Action item => A word-for-word copy of the lines below, starting at the line with "Portrait of Josephine" and ending at the last one, is what you should give. Omit every picture.

Data provided =>
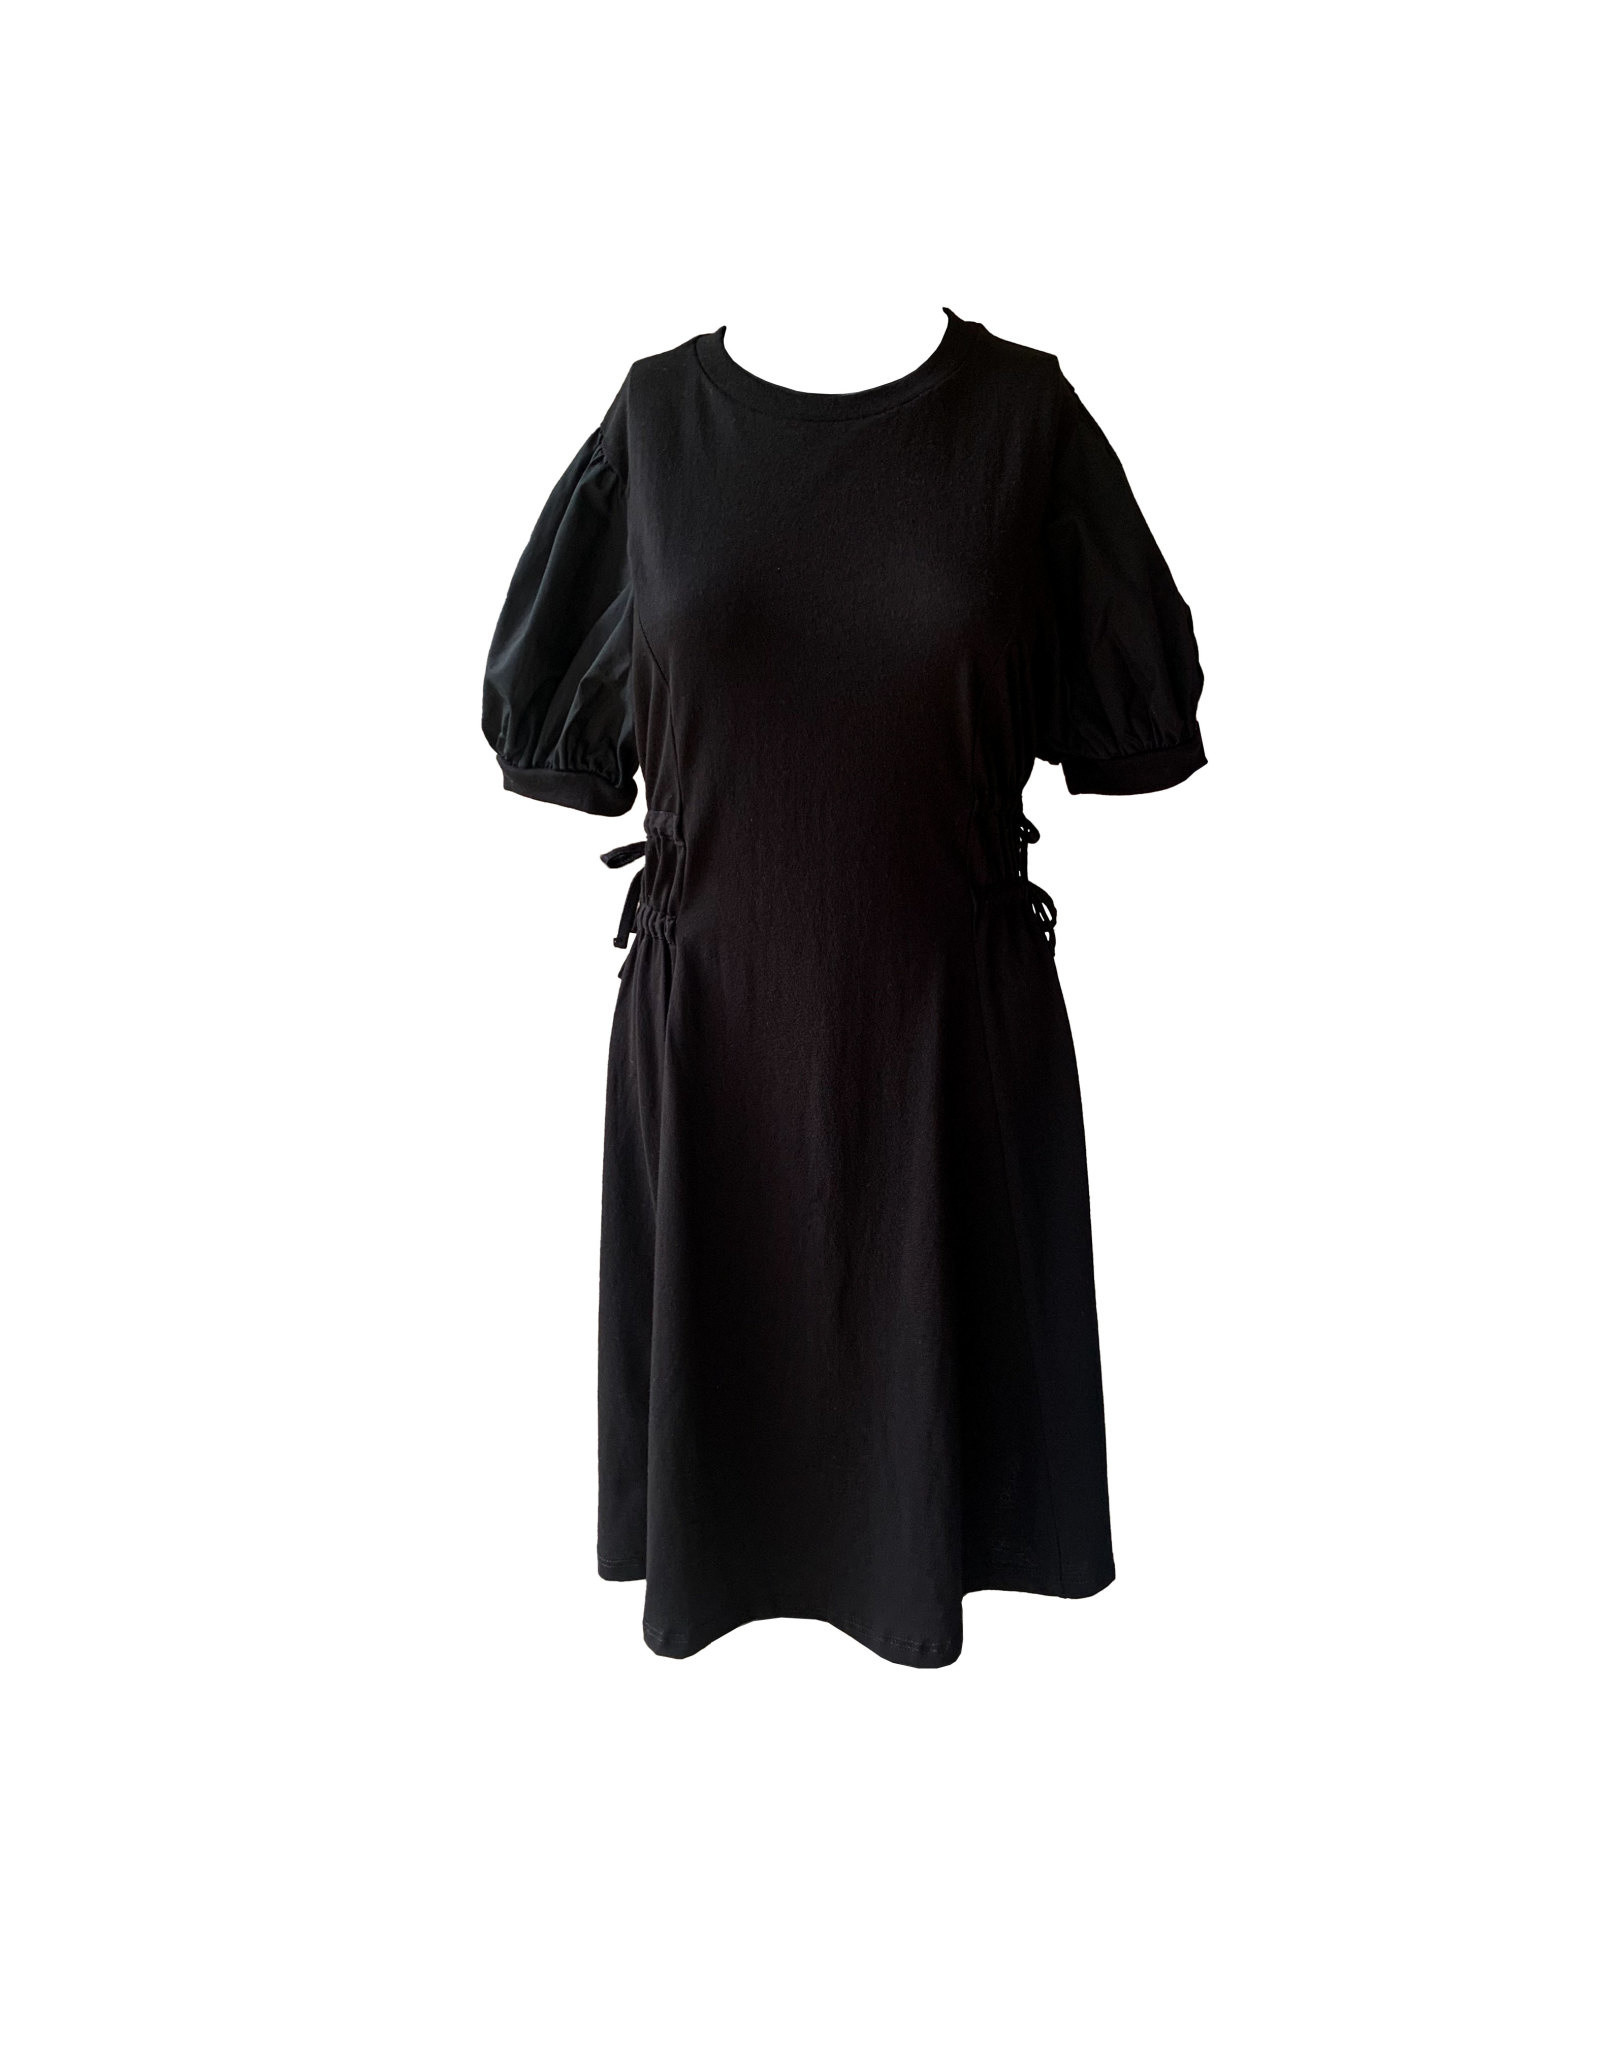 TOPSHOP TOPSHOP Poplin Sleeve Mini Dress In Black
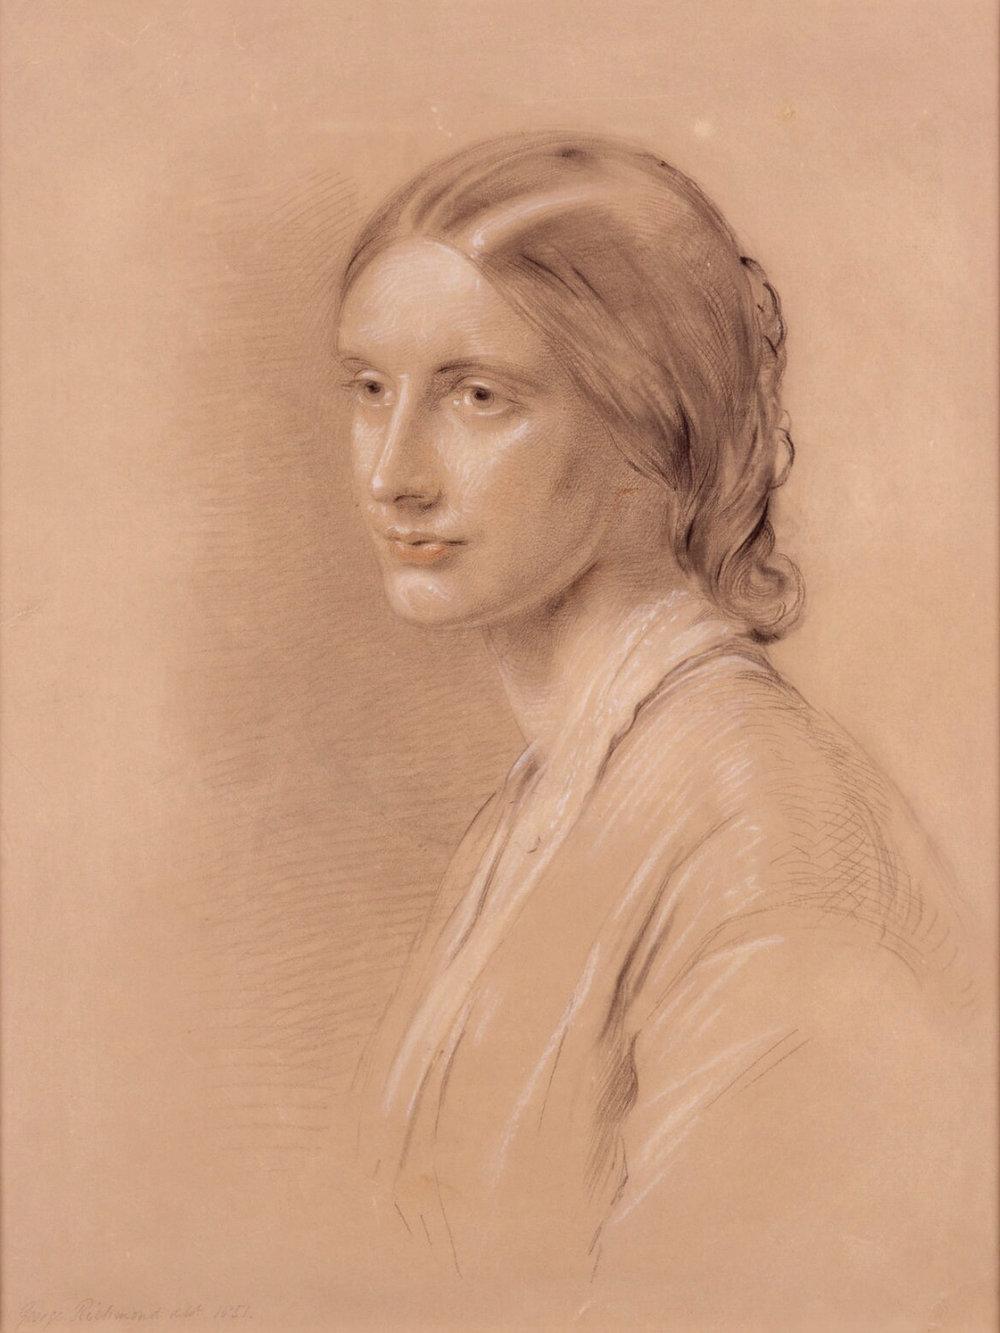 Portrait of Josephine Butler by George Richmond, 1851  (NPG/Wikimedia Commons/Public Domain)
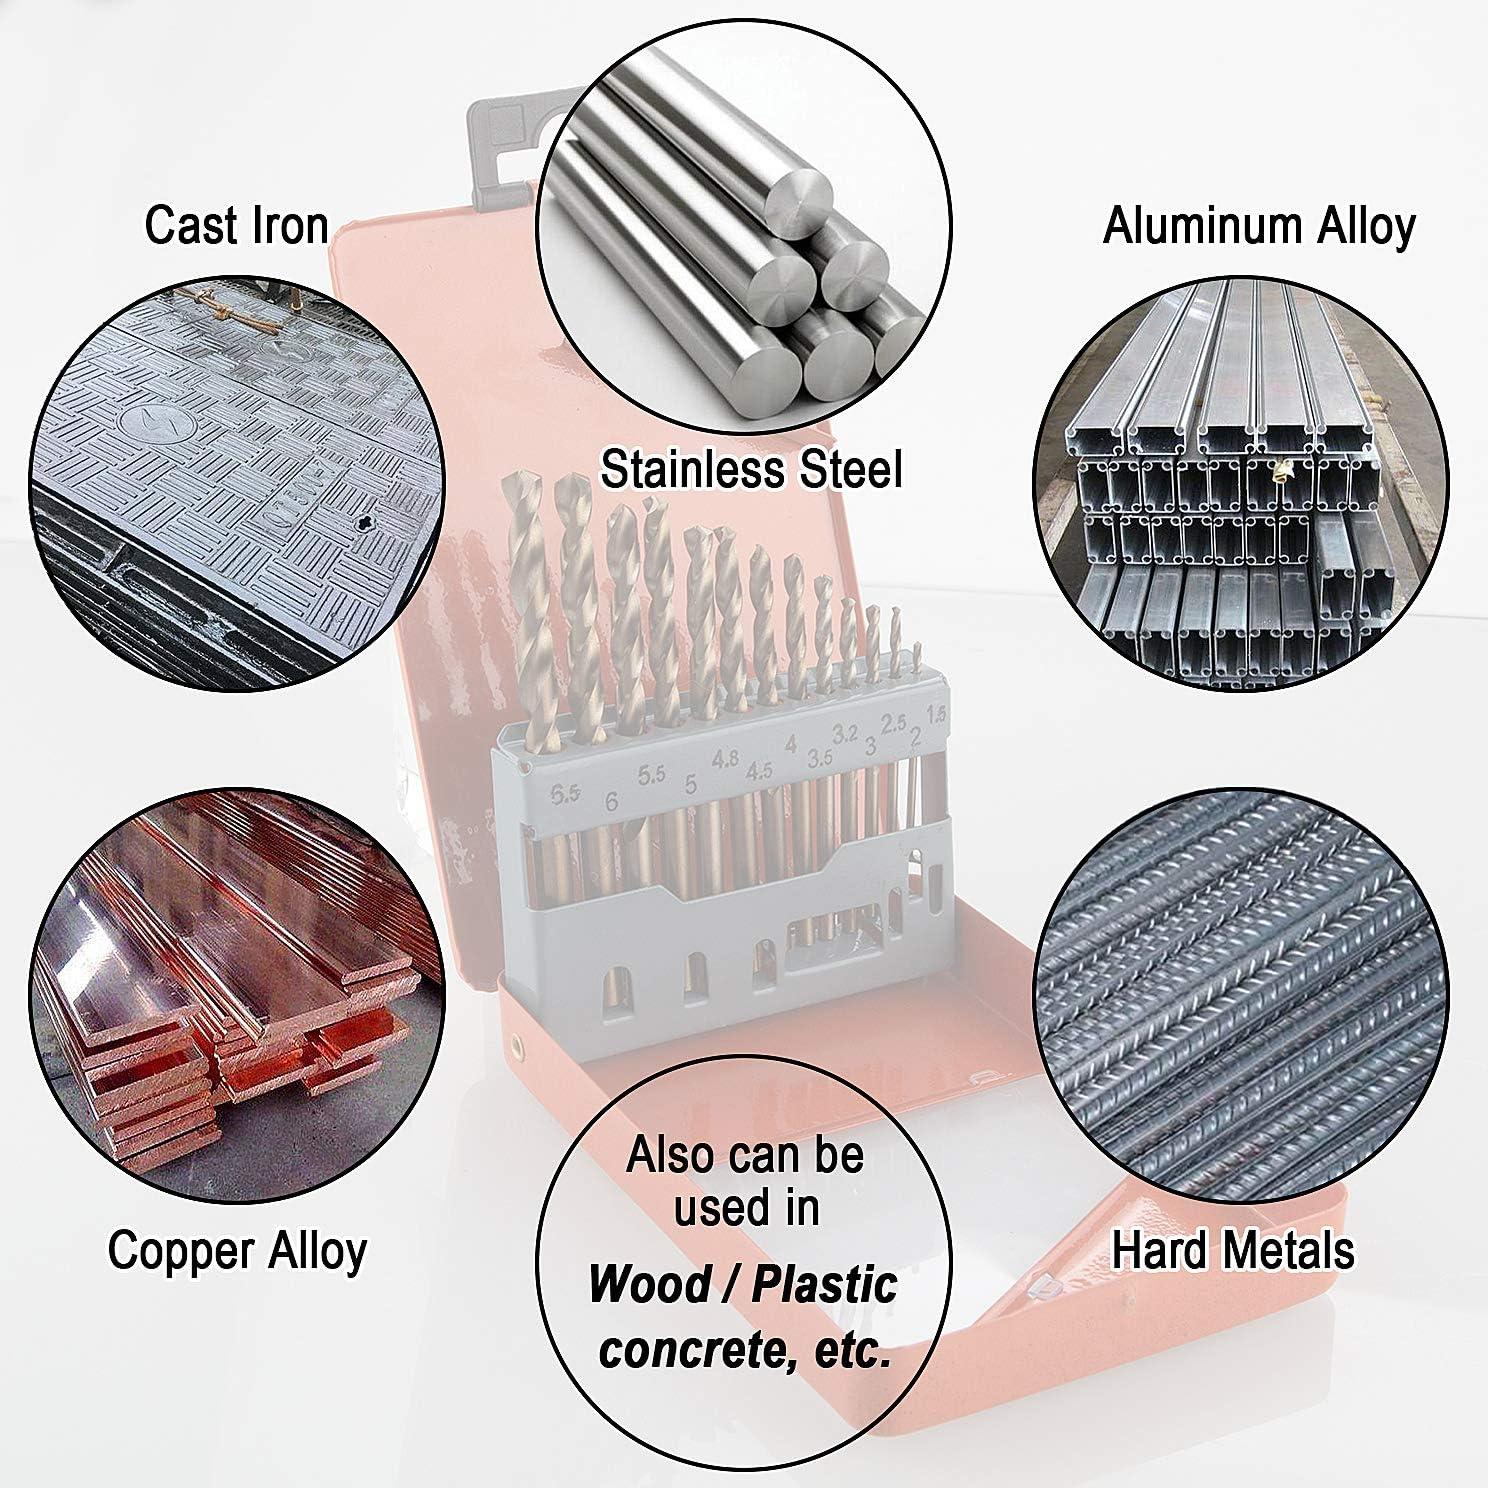 13pcs Hard Material Wood 1.5-6.5 mm CenterZ Metric M35 HSS Cobalt Jobber Drill Bits Assorted Multi-Purpose Twist Drill Bit Set for Concrete Metal Index Case Thick Stainless Steel Cast Iron

Response area =>
 Portrait of Josephine Butler by George Richmond, 1851  (NPG/Wikimedia Commons/Public Domain)
 13pcs Hard Material Wood 1.5-6.5 mm CenterZ Metric M35 HSS Cobalt Jobber Drill Bits Assorted Multi-Purpose Twist Drill Bit Set for Concrete Metal Index Case Thick Stainless Steel Cast Iron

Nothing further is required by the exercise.